The European unit of Russia’s largest bank was on the verge of failure as depositors hurried to withdraw their funds. Economists predict that the Russian economy will contract by 5%. The ruble had lost almost 25% of its value and was trading at 104 to the dollar at 12:15 p.m. ET, after falling as high as 40% earlier. According to a statement from the country’s central bank, trading on the Russian stock exchange has been delayed and then postponed outright. On the other hand, The United States and European Nations blocked certain Russian banks from the SWIFT payment system.

Who owns SWIFT?

Under Belgian legislation, SWIFT is a cooperative enterprise. According to the company’s website, “it is owned and controlled by its shareholders [financial institutions] representing about 3,500 firms from throughout the world.”

The system is governed by the G10 central banks and the European Central Bank, with the National Bank of Belgium serving as the system’s chief supervisor.

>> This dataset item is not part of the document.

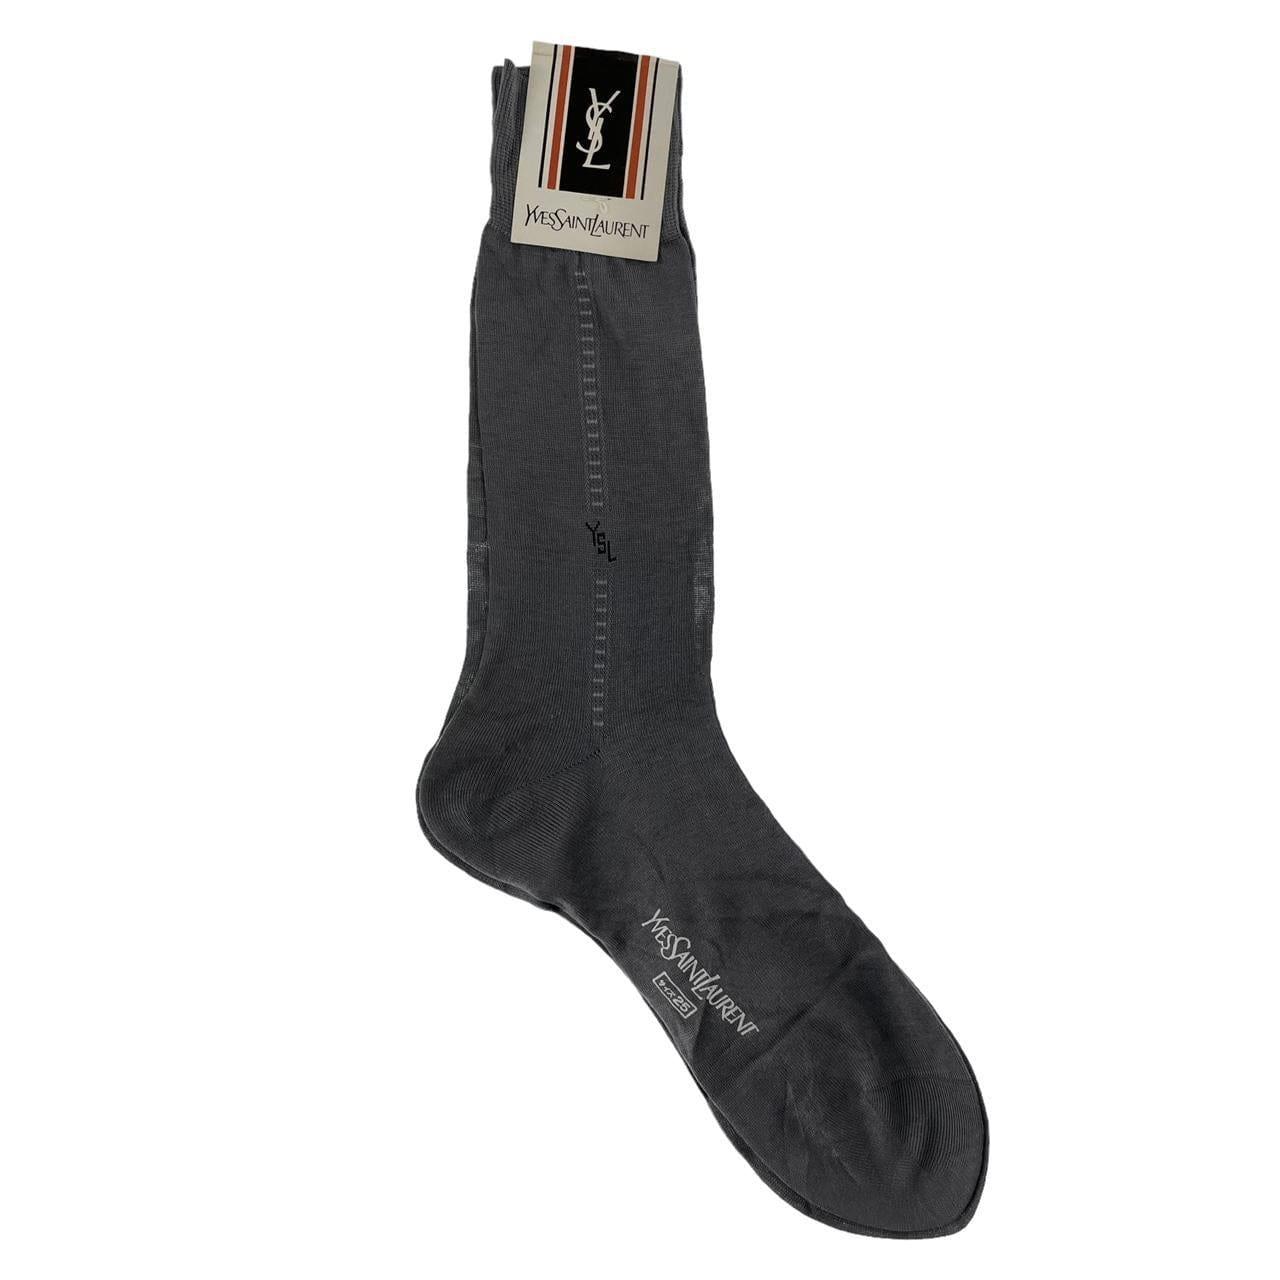 Vintage YSL Yves Saint Laurent pair of socks - Known Source

What role does Russia play?

According to the Russian National SWIFT Association, Russia has the second-highest number of users behind the United States, with over 300 Russian financial institutions on the system, accounting for more than half of Russia’s financial institutions.

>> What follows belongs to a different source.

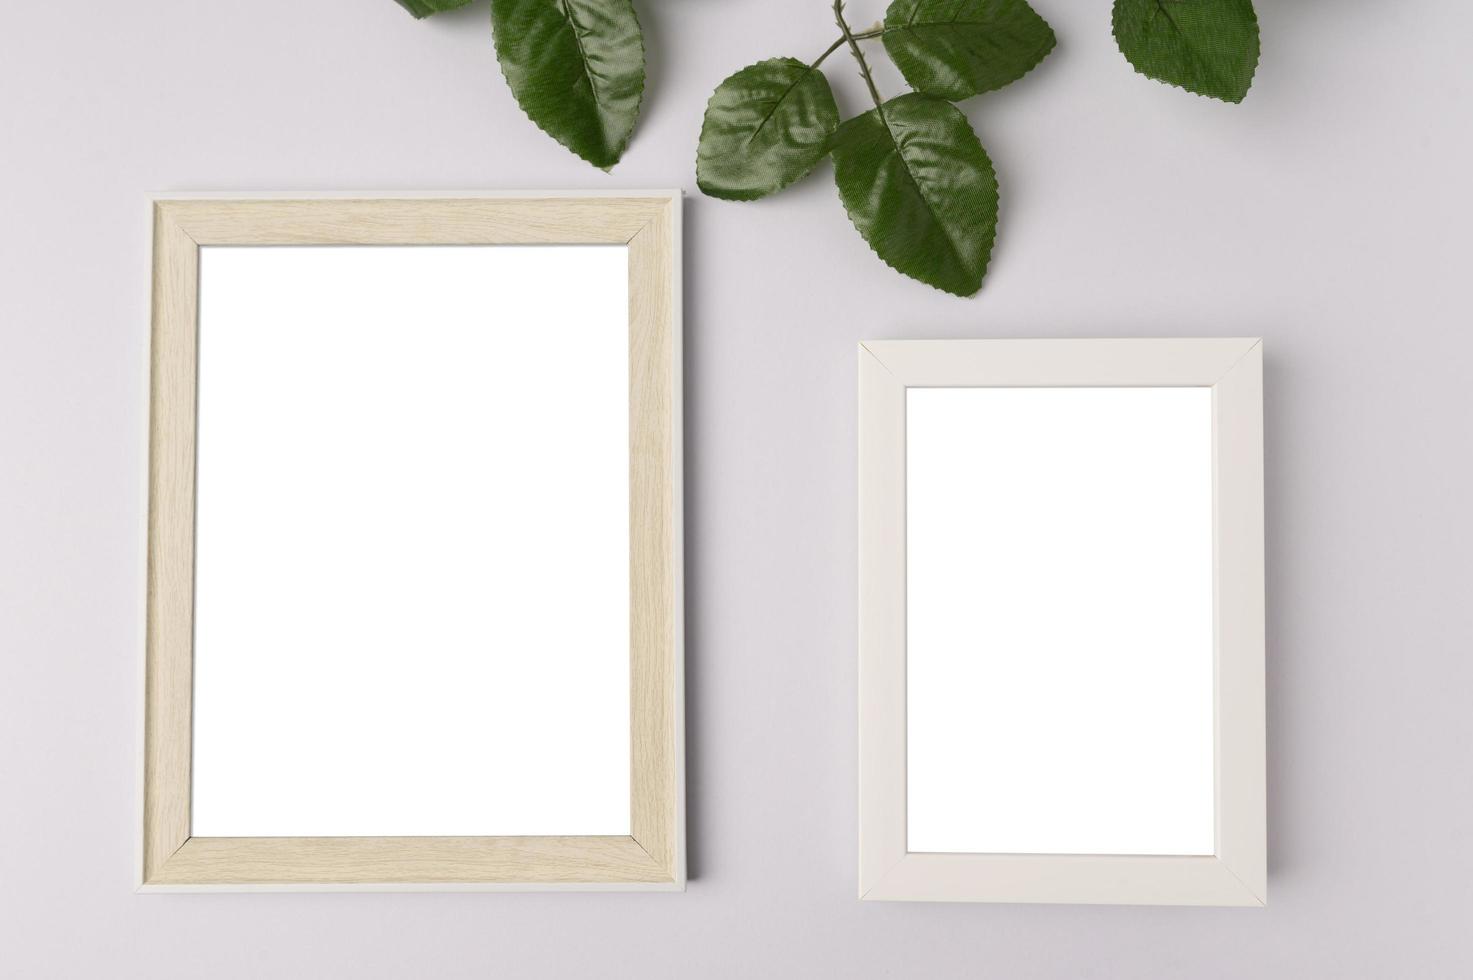 Dos marcos de fotos en blanco y ramas de hojas sobre fondo blanco.

According to Alicia Garcia Herrero, head economist for the Asia Pacific at Natixis in Hong Kong, Russia’s exclusion from SWIFT would be a significant blow to the country.

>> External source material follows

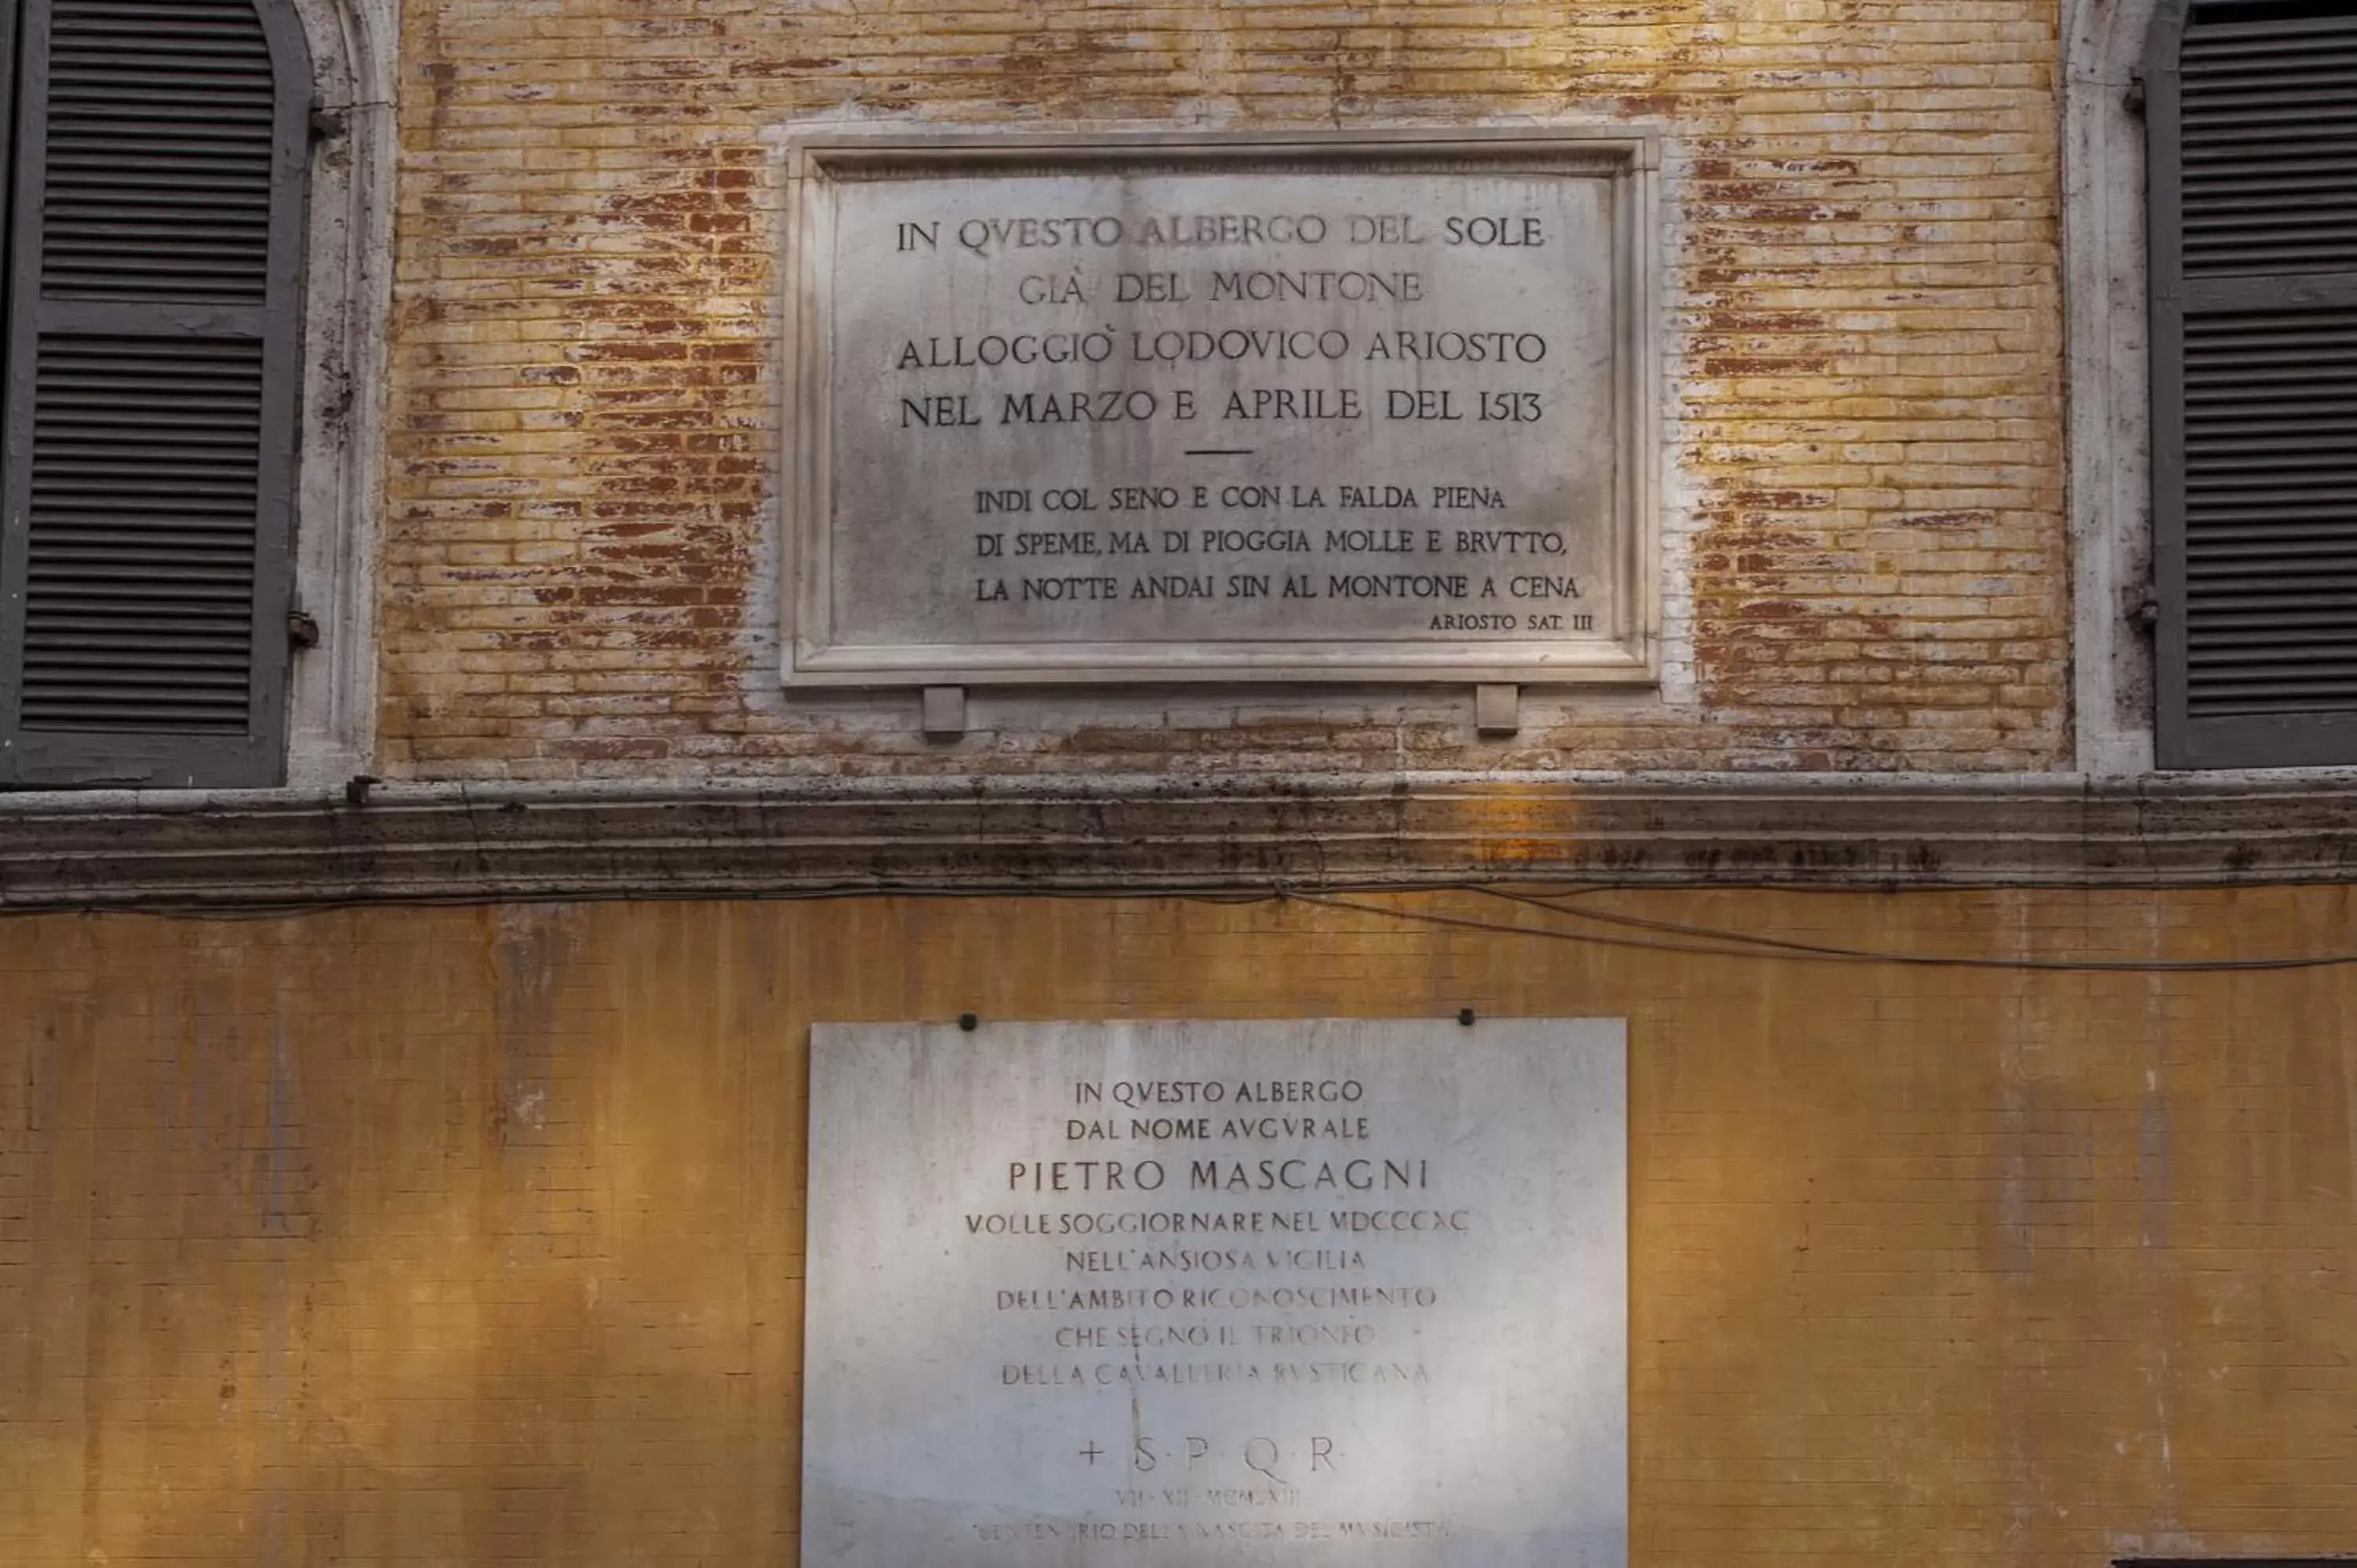 Facade/entrance in Antico Albergo del Sole al Pantheon

“[It’s significant] because no debt or trade finance payments can be made. It is more serious than halting EU imports of Russian gas,” Garcia Herrero told Al Jazeera.

Reserves are kept frozen

Putin’s government has spent the last eight years preparing Russia for harsh sanctions by amassing $630 billion in overseas assets, including currencies and gold. Still, at least some of that financial firepower is now frozen, and his “fortress” economy is under unprecedented attack.

According to the top US administration officials, the US also prohibited US dollar transactions with the Russian central bank to prevent Moscow from accessing its “rainy day fund,” according to top US administration officials.

According to Capital Economics’ Peach, at least half of Russia’s reserves are now off-limits to Moscow.

Russia is a significant oil and gas exporter, but many other sectors of the economy rely on imports. They will become considerably more expensive as the ruble’s value falls.
As the ruble’s value falls, they will become much more expensive to purchase, driving up inflation.

The crackdown on its leading banks, as well as the exclusion of some of them from the SWIFT secure messaging system, which connects financial institutions all over the world, will make it more challenging to sell exports, including oil and gas, even though Russia’s vital energy trade has not yet been directly targeted with sanctions.

What has Russia said so far?

In January, Nikolay Zhuravlev, vice-speaker of Russia’s Federation Council, acknowledged that the country might be kicked out of SWIFT.

“SWIFT is a service, not a settlement system.” As a result, if Russia is cut off from SWIFT, we will not receive [foreign] currency, but buyers, primarily European countries, will not receive our goods – oil, gas, metals, and other vital components of their imports. Do they require it? “I’m not sure,” Zhuravlev remarked.

Zhuravlev also pointed out that, while SWIFT is convenient, it is not the only route to transmit money. A decision like suspending a country would require unanimous agreement among members.

What exactly does the suspension imply?

Russian banks will find it more challenging to interact with counterparts abroad, even in friendly nations such as China, slowing commerce and increasing transaction costs.
However, the allies, who have also promised to limit Russia’s central bank’s capacity to defend the rouble, have not yet specified which banks will be targeted. According to sanctions and banking specialists, this would be critical to the measure’s effectiveness.
According to Sergey Aleksashenko, a former deputy chairman of the Russian central bank who now lives in the United States, the sanctions are likely to significantly impact the rouble when markets open on Monday, resulting in the disappearance of numerous imports to Russia.